20 oz. Ring O' Challah from New Morning Bakery in Corvallis. The stuff is more dense, eggy and sweet back East, but this is a decent substitute. Hä-lä, as the bakery spells it out phonetically, is no longer a rare delicacy here.

Our first night in Corvallis, almost exactly two years ago. Funny, Dan has returned to sleeping on the floor some. He thinks it's good for his back. We need to get a tatami mat.
It’s September 2010, which means we’ve been here exactly two years now. Though after another summer mostly out of town, it somehow feels like we’re moving in once again. It’s a time of new beginnings. With the new school year and approach of fall (it’s friggin’ cold here!), somehow it makes more sense to celebrate the new year now instead of in January. It also just so happens to be the two-year anniversary of this blog!
Yet walking around the Corvallis Farmers’ Market yesterday with a gal from back East who is new to town, I realized how comfortable I’ve finally gotten here. I’m especially grateful for the farmers, chefs and activists who make our local food community so vibrant.

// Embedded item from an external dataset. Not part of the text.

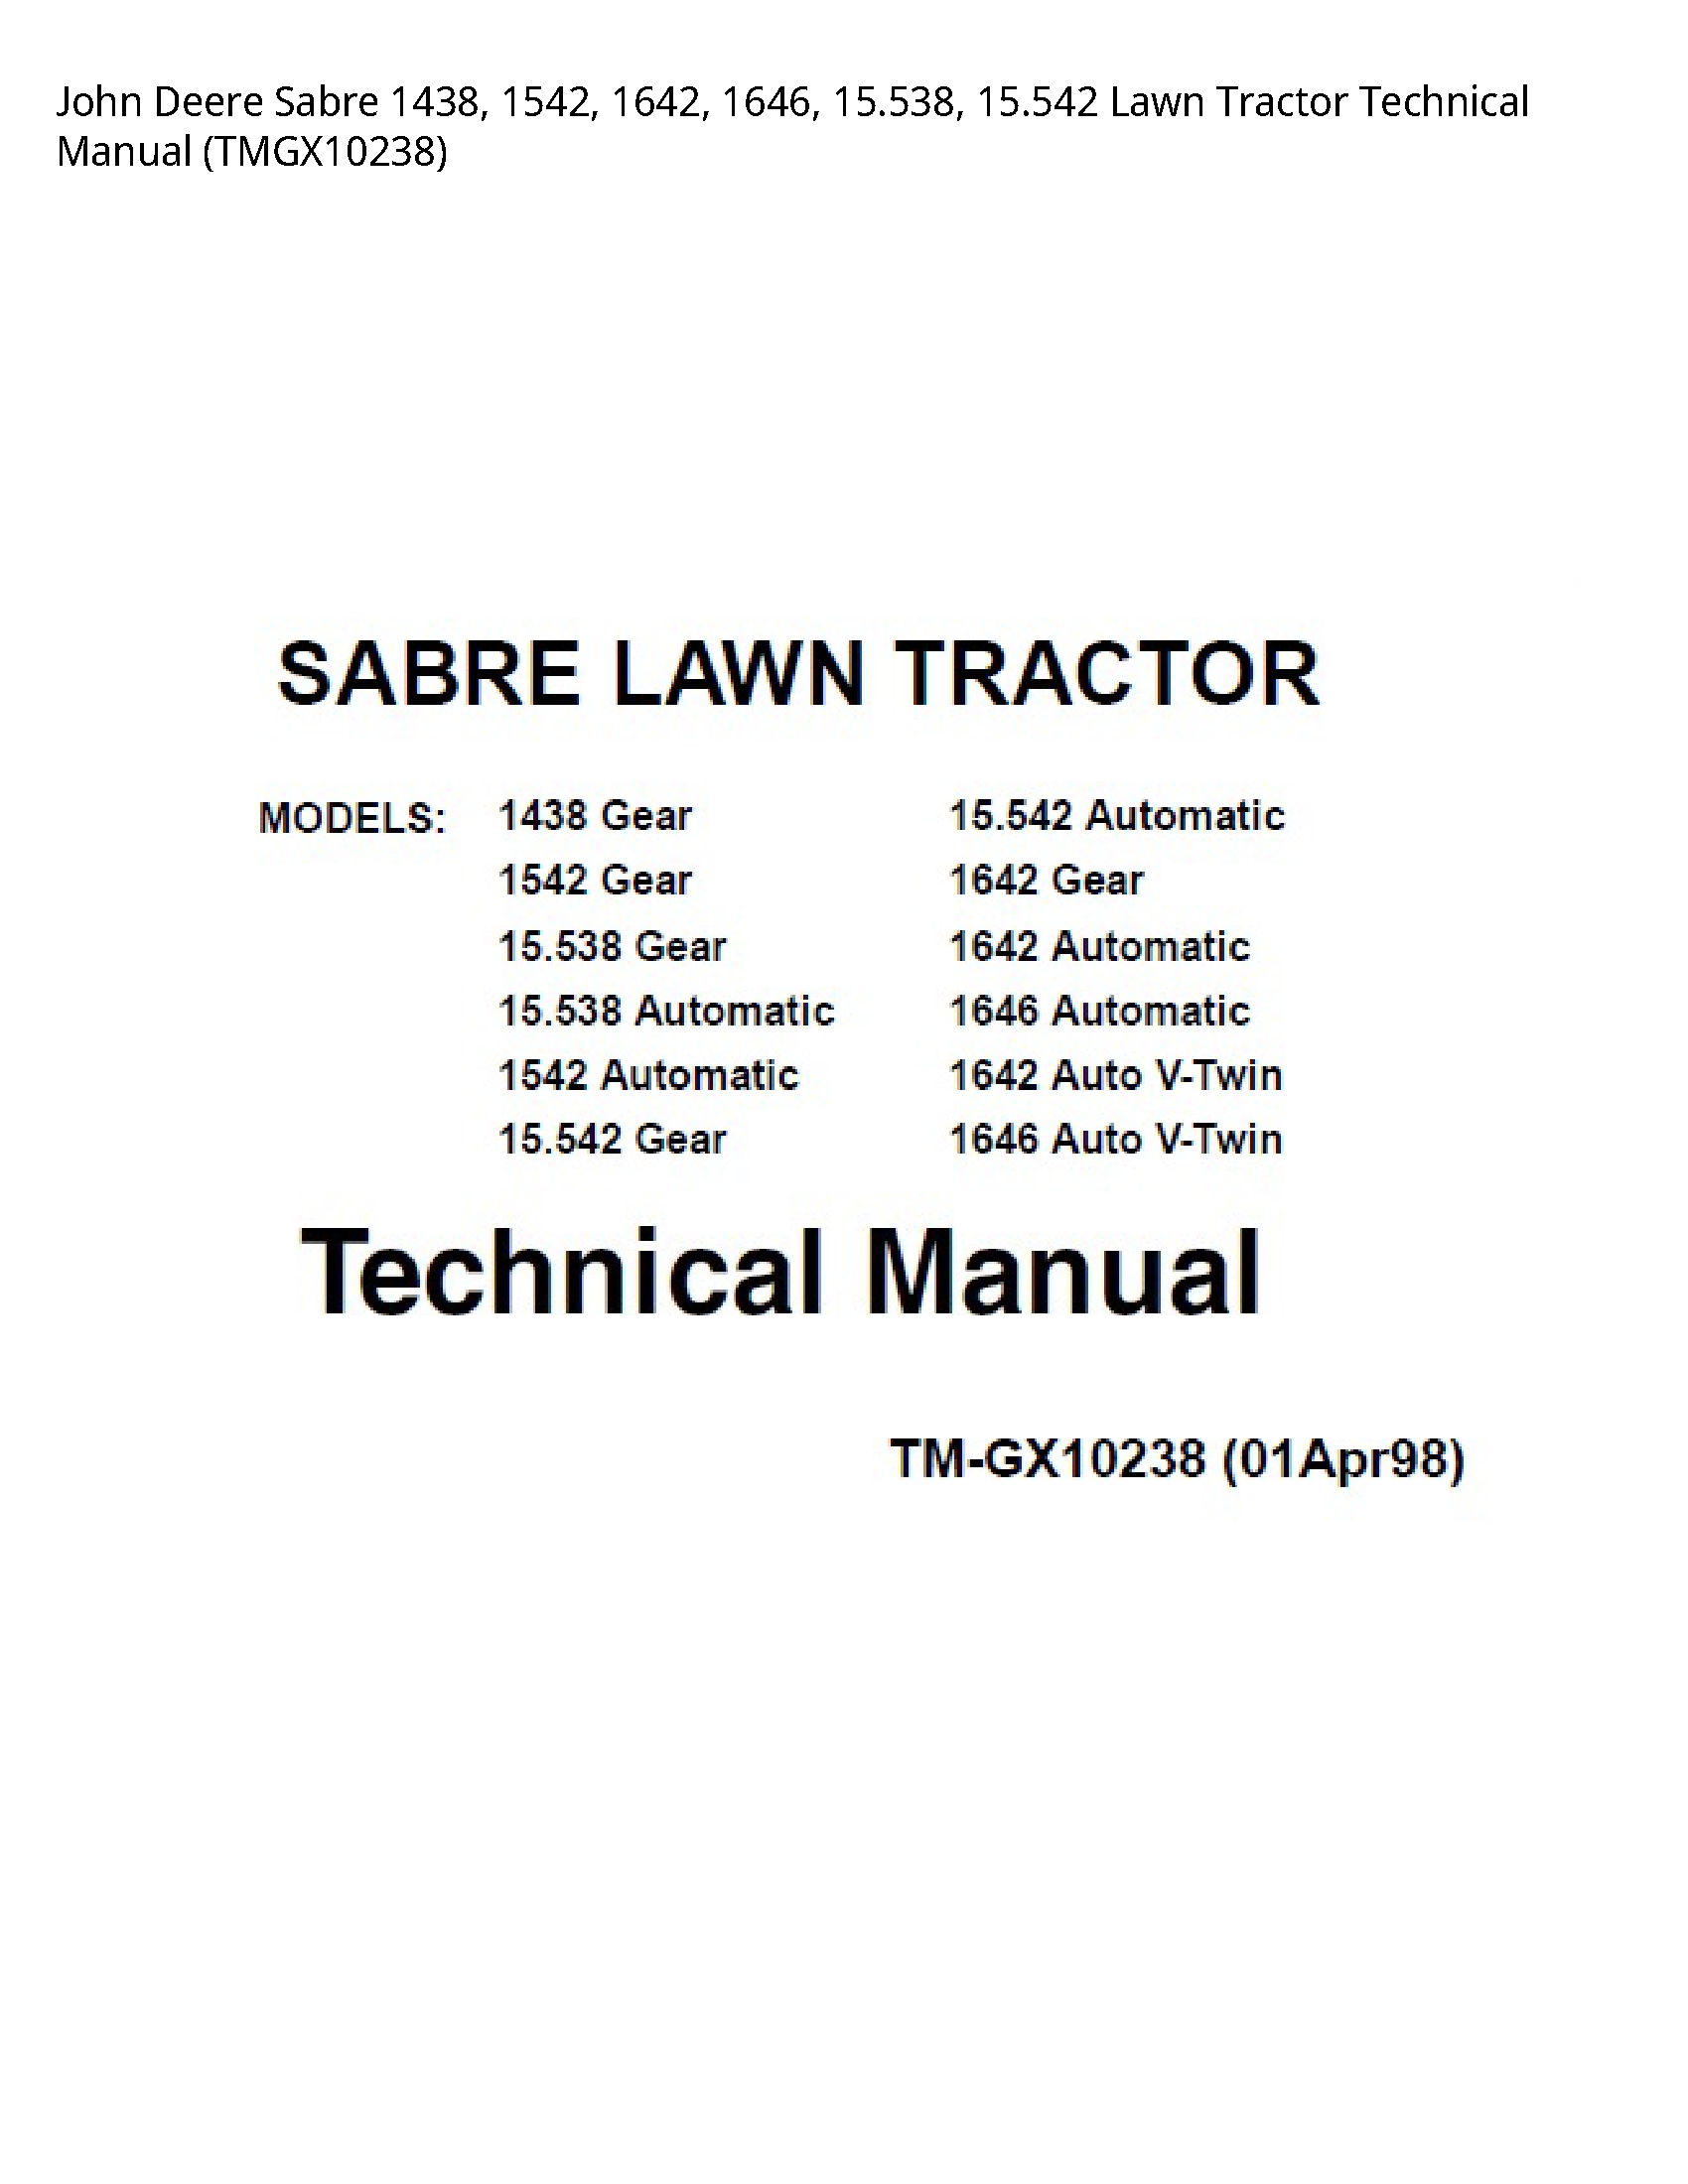 John Deere 1438 Sabre Lawn Tractor Technical manual

Speaking of Rosh Hashanah, this article on kreplach, the Yiddish dumpling, made me nostalgic. I only made them with Nonny (and my mother) once, but I have fond memories of rolling out the dough and stuffing the wontons that day. Nonny’s mother’s kreplach recipe calls for cinnamon-spiced chopped brisket or roast beef, but any leftover meat can be used. Maybe I’ll try a vegetarian version, since we feel compelled to eat less meat these days.
Any other Jewish foods (Ashkenazi or otherwise) to out try this time of year? I plan to make Stuffed Swiss Chard (like dolmades) once I stop testing Hangzhou recipes for my next NPR column. Enough Chinese food already:)
Hello Challah
Never expected I’d be invited to help make challah here in Corvallis, where it first appeared to be an exotic delicacy. But Chef Intaba knows I want to beef up my baking skills, so she invited me to come by the restaurant last night to help her out.
Let’s just say a six-braid challah should be left up to the pros. It was like complicated knitting. So we each did a three-braid (just like doing hair) and stuck the two together for the second loaf (on the right). Great trick, huh? I’m not sure what dough recipe Intaba used, but it had citrusy accents from orange zest. Could you add vanilla too? I like it a bit on the sweet side. Anyone have a good challah recipe to share?
Before challah braiding, I made my own Mediterranean pesto, feta, roasted red pepper, roasted garlic, Kalamata pizza, which Intaba showed me how to roast in Firework’s outdoor clay oven. She also made a spectacular Viennese Jewish pear, walnut and poppy seed pastry tart, substituting Oregon pears for the apples the recipe called for.